I agree thats why i am getting one for now


----------



## gmaske (Jan 7, 2008)

Another one is bitten!!!
Same thing happened to me. I was enjoying my Ruger P345 at the range and got to talking with another guy. So he says, here, try mine! Well, within a week I had ordered my own 1911. Funny.....I don't shoot that other pistol much anymore. There is something special about a 1911.


----------



## DevilsJohnson (Oct 21, 2007)

I own 13 pistols and 6 of them are 1911's or clones. One gun I own is a FIE Derringer that I never shoot. So I guess it doesn't count. o then 12 pistols and half are 1911's..heh. 2-3 more I think Ill be good. That's what ?I keep telling my self anyway.


----------



## gmaske (Jan 7, 2008)

gmaske said:


> Another one is bitten!!!
> Same thing happened to me. I was enjoying my Ruger P345 at the range and got to talking with another guy. So he says, here, try mine! Well, within a week I had ordered my own 1911. Funny.....I don't shoot that other pistol much anymore. There is something special about a 1911.
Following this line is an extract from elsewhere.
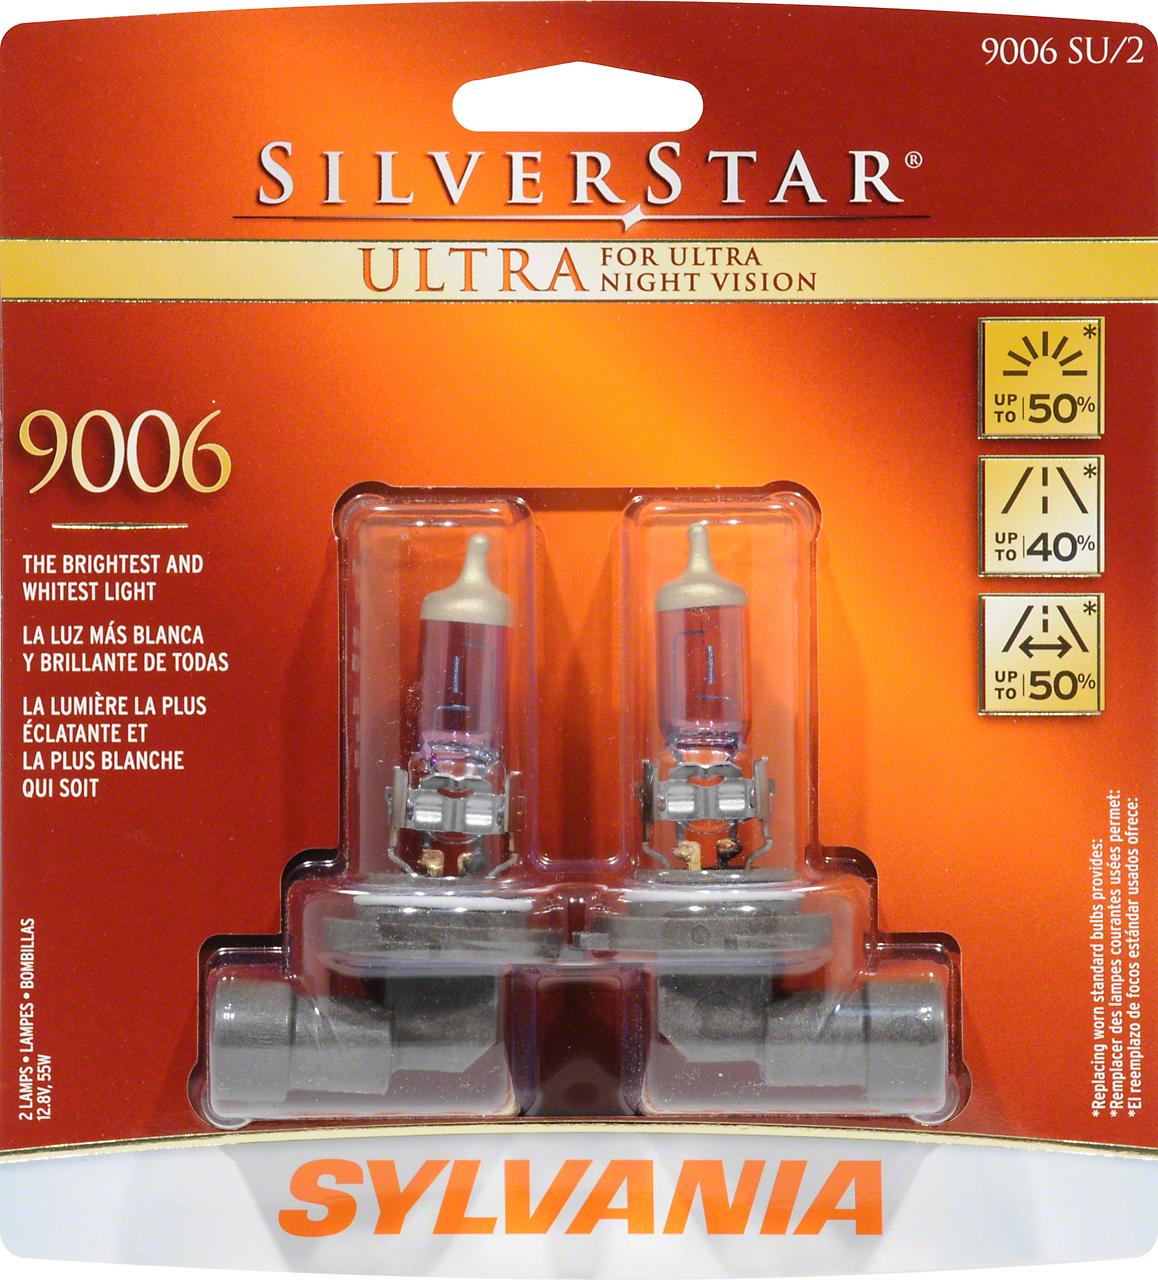 Sylvania Silverstar Ultra Light Bulbs - 9006

Expanding on the above: There is a reason it has endured for as long as it has. The 1911 is everything a pistol should be and none of the stuff it shouldn't be. The safeties are were they should be and the pistol is ready at the bat of an eye for action if it is carried "Cocked & Locked" yet is as safe as anything out there. It points naturally for most. The weight, balance and size are close to perfect. The pistol is a work of genius. To some it is the perfect combat pistol. Not many fire arms designed that long ago are still being made. Some things are just *"RIGHT"* and the 1911 is one of them.


----------



## DevilsJohnson (Oct 21, 2007)

Yeah, when you think about it there have been very few changes over all this time. and you can look at so many other weapons and see where the 1911 was a major influence.


----------